# New guy with a Z24i



## mike919 (Aug 8, 2008)

Hey guys, i have the opportunity to restore/mod my dads 87 Hardbody. It has the Z24i engine and he always says that the truck has alottt of torque, which im not doubting because of the 8 spark plugs. But does this engine have alot of potential? Is it decently fast from factory? also is this truck very heavy? it doesn't look much like it.


I might do a turbo ive been searching and people said thats really the only way to get alot of power out of these engines. I want this truck to be at least in the 200hp range. Im guessing only a turbo will get me that far. Ive seen some other parts such as cams, ignition and so on. I don't really want to swap engines because ive never done one but if i did it would most likely be an sr20 because i see a good amount of them in the junkyards.

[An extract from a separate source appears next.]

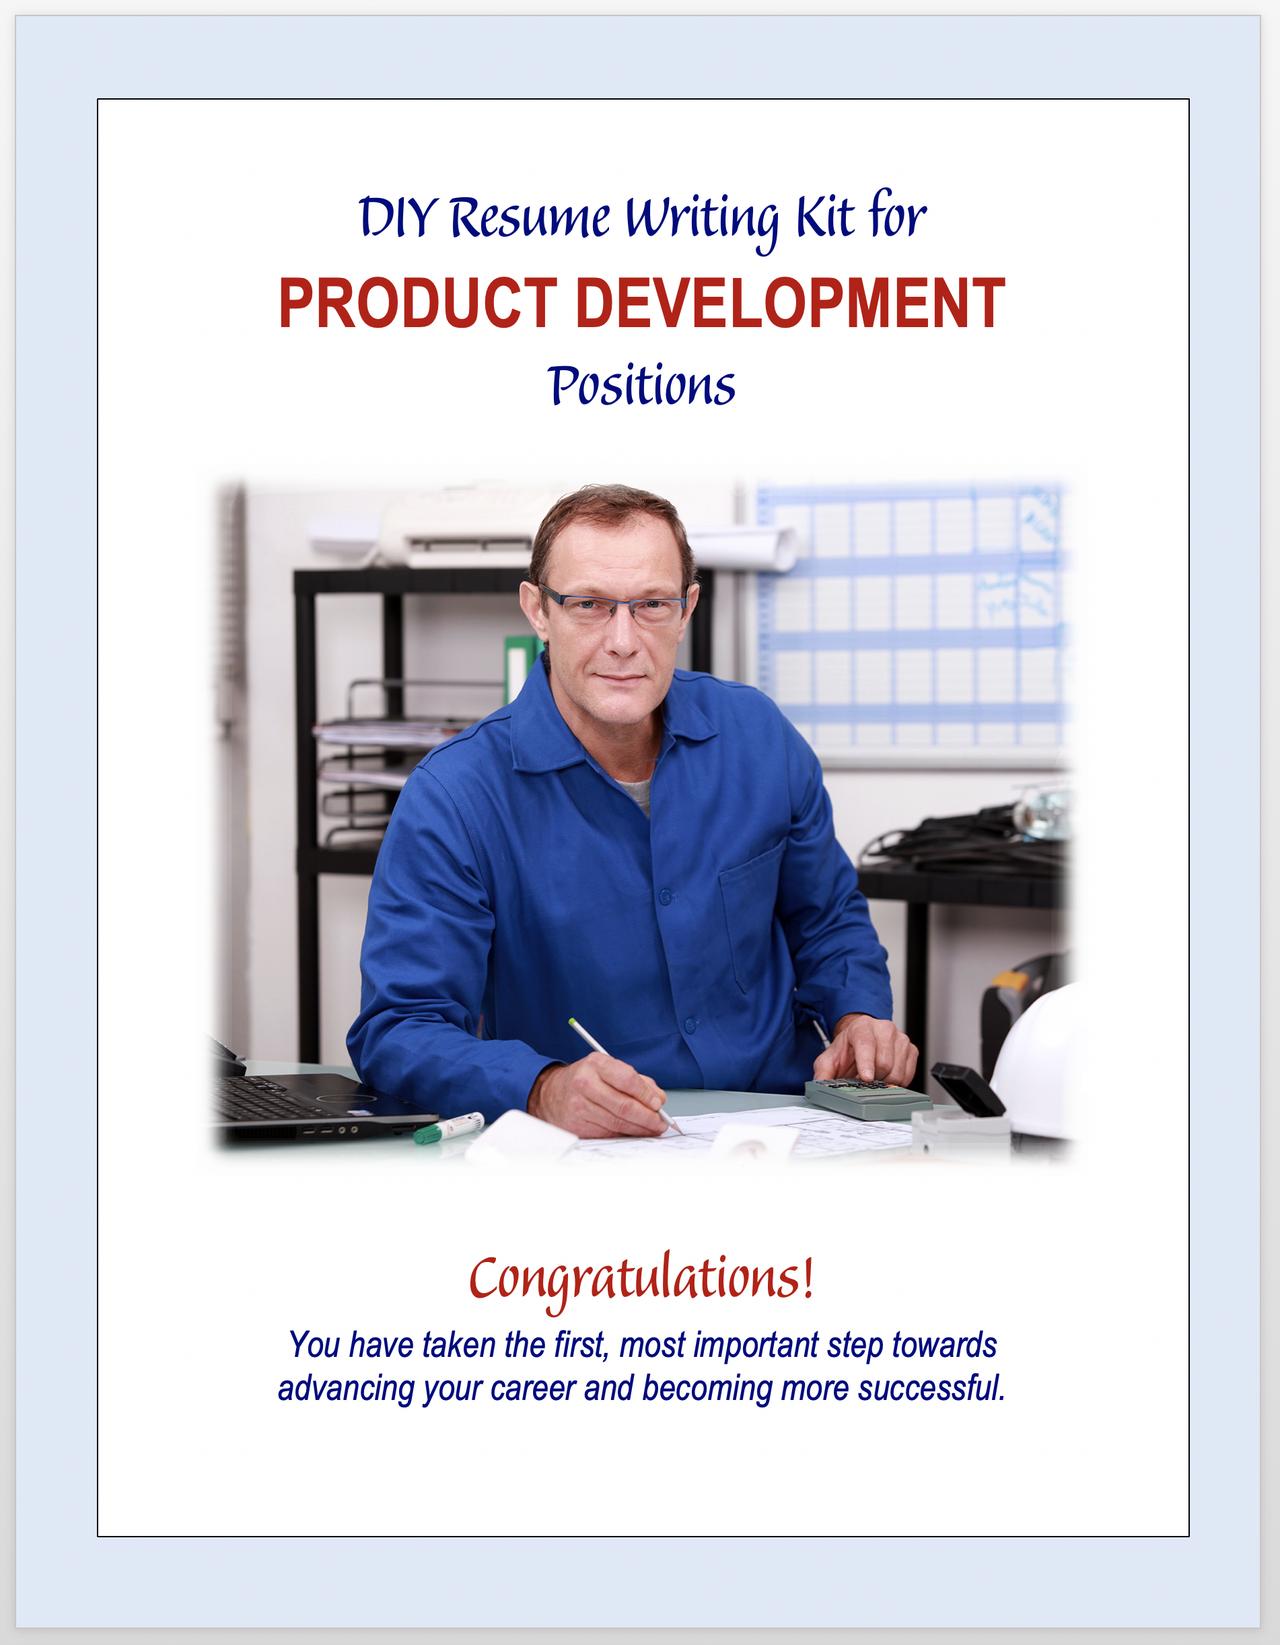 product development.png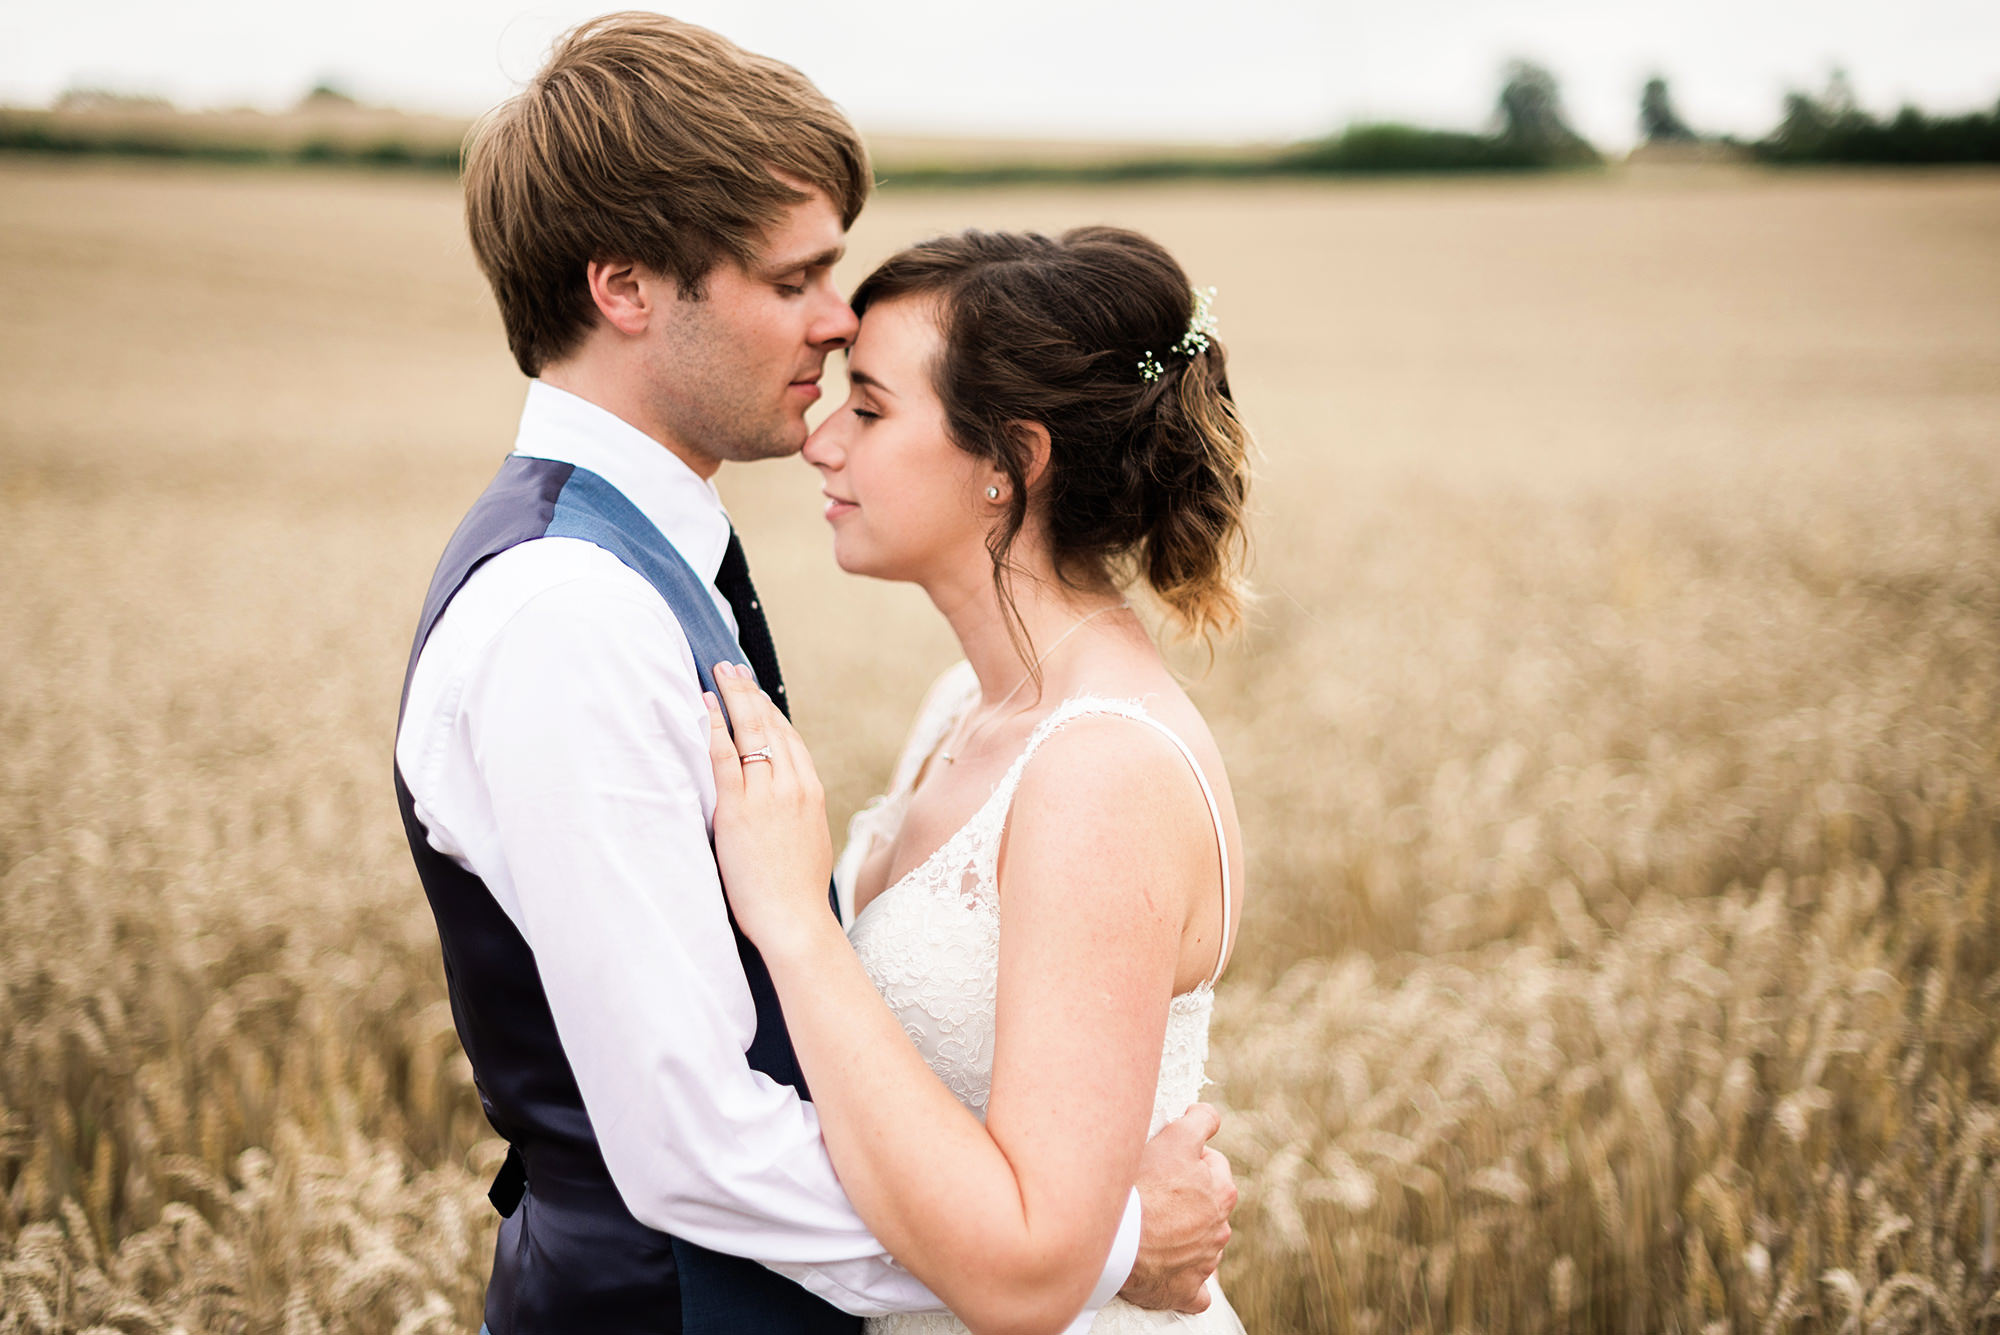 Simon biffen-best of 2015 wedding photographs-16

Anyway i just want to know what kind of power i can get out of this thing easily, since the internal specs are so close to the ka engine.

thanks,


----------



## mike919 (Aug 8, 2008)

Bummpp

12345678910


----------



## smikster (Aug 12, 2008)

You have a good lil truck with a lot of low end pulling power...don't rune that ride...

if you have a lot a milage seamfoam threw the brake booster and if it was bad will feel like you just bolted on a turbo


----------



## dirtybeats (Dec 23, 2008)

i just did a swap on my 89hardbody that had the napsz in it with 8plugs i just had the valves worked before the swap but i still have the motor if you would want some parts off of it i would sell you the whole motor for 3hundred o.b.o i dont know we would have to work out some shipping but the motor ran before i took it out.


----------



## dirtybeats (Dec 23, 2008)

oh yea and by the way the reason i did the swap was because the parts for the napz performance parts that is were so expensive and hard to find i did come across nismo race pistons for it for cheap off some nismo website but other than that i found slim pickins for performance on the napz easier to get sr parts


----------